The first lower heat sink 26 is generally a rectangular parallelepiped or plate-shaped member, and has an upper surface 26a and a lower surface 26b located on the opposite side of the upper surface 26a. The lower surface 26b of the first lower heat sink 26 is exposed to the outside on the lower surface 12b of the sealing body 12. Further, the upper surface 26a of the first lower heat sink 26 is bonded to the lower surface electrode 20b of the first semiconductor element 20 via the solder layer 27. That is, the first lower heat sink 26 is electrically and thermally connected to the first semiconductor element 20. As a result, the first lower heat sink 26 not only constitutes a part of the electric circuit of the semiconductor device 10, but also functions as a heat sink that releases the heat of the first semiconductor element 20 to the outside. As described above, the semiconductor device 10 of the present embodiment has a double-sided cooling structure in which the first upper heat sink 22 and the first lower heat sink 26 are exposed on both sides 12a and 12b of the sealing body 12.

Further, the semiconductor device 10 further includes a second upper heat sink 42, a second conductor spacer 44, and a second lower heat sink 46. The second conductor spacer 44 is constructed using a conductive material such as copper or other metal. The second conductor spacer 44 is generally a plate-shaped or block-shaped member, and has an upper surface 44a and a lower surface 44b located on the opposite side of the upper surface 44a. The second conductor spacer 44 is located inside the sealing body 12. The upper surface 44a of the second conductor spacer 44 is joined to the second upper heat sink 42 via the solder layer 43. The lower surface 44b of the second conductor spacer 44 is bonded to the upper surface electrode 40a of the second semiconductor element 40 via the solder layer 45. That is, the second conductor spacer 44 is electrically connected to the second semiconductor element 40. The second conductor spacer 44 is not always required, but secures a space for connecting the second signal terminal 19 to the second semiconductor element 40.

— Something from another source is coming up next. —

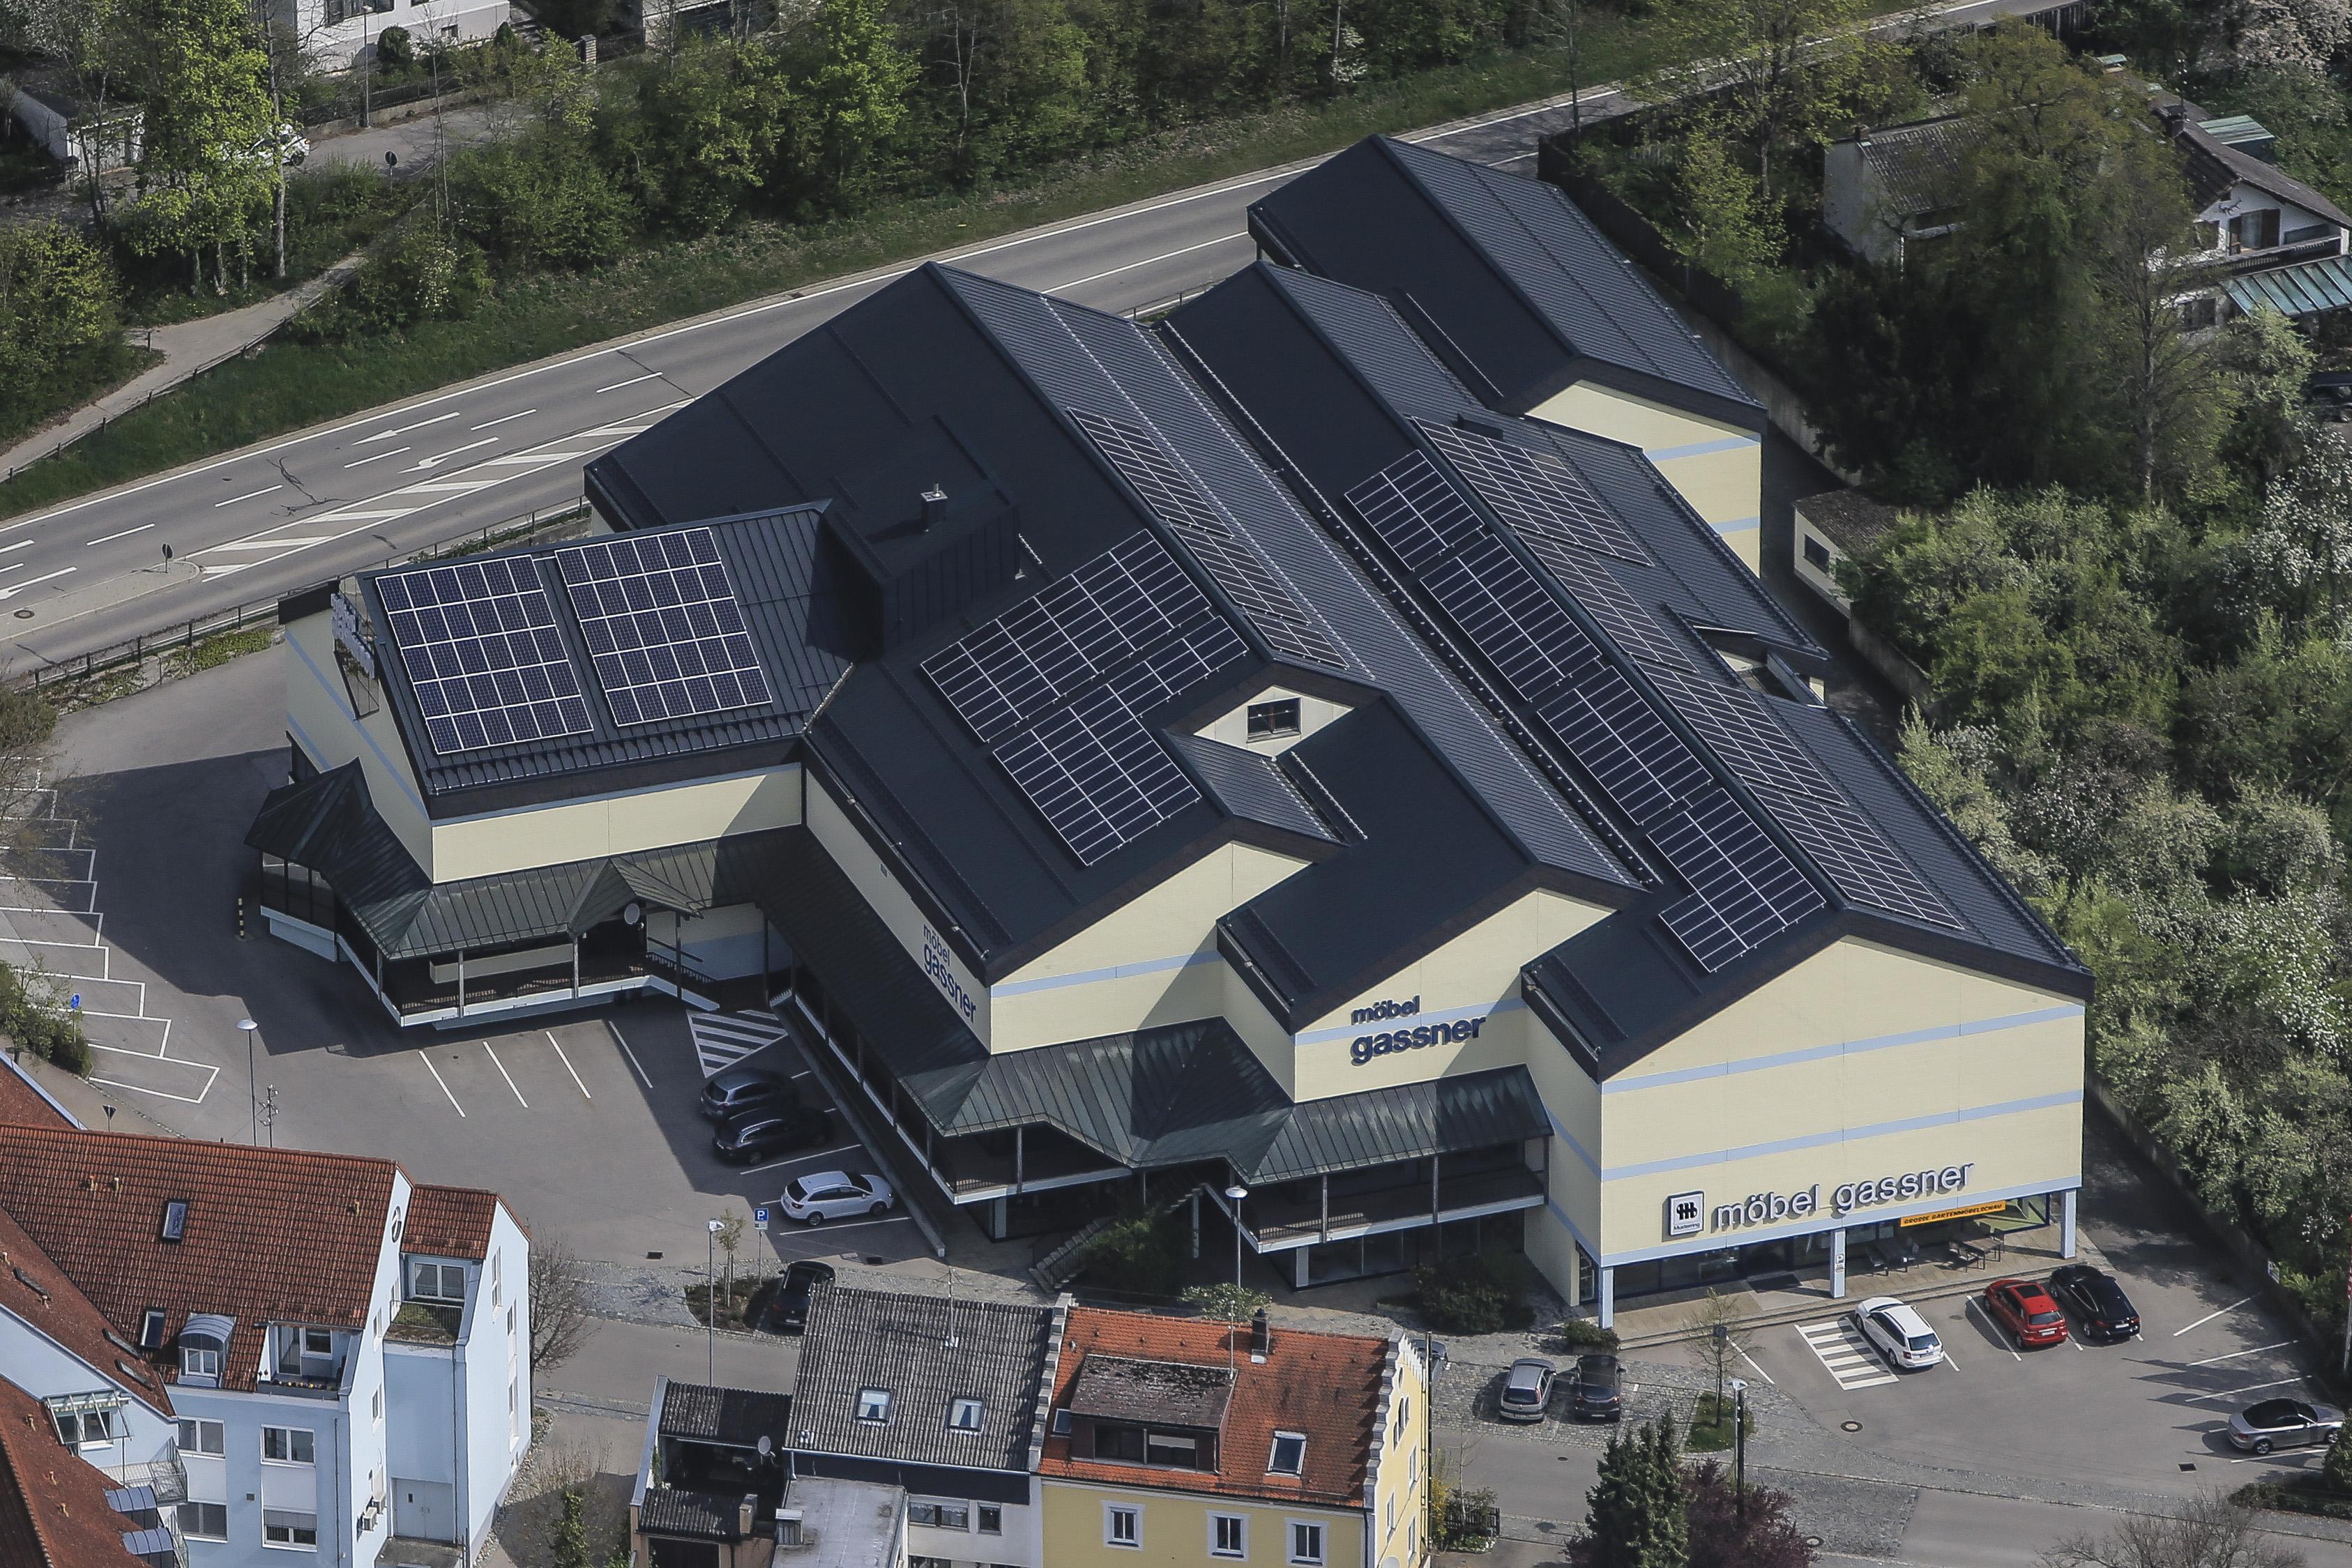 Pv Dachanlage Versorgt Möbelhaus Mit Kostengünstigem Solarstrom

The second upper heat sink 42 and the second lower heat sink 46 are made of a material having excellent thermal conductivity, for example, copper, aluminum, or other metal. The second upper heat sink 42 is generally a rectangular parallelepiped or plate-shaped member, and has an upper surface 42a and a lower surface 42b located on the opposite side of the upper surface 42a. The upper surface 42a of the second upper heat sink 42 is exposed to the outside on the upper surface 12a of the sealing body 12. Further, the lower surface 42b of the second upper heat sink 42 is joined to the upper surface 44a of the second conductor spacer 44 described above via the solder layer 43. That is, the second upper heat sink 42 is electrically and thermally connected to the second semiconductor element 40 via the second conductor spacer 44. As a result, the second upper heat sink 42 not only constitutes a part of the electric circuit of the semiconductor device 10, but also functions as a heat sink that releases the heat of the second semiconductor element 40 to the outside.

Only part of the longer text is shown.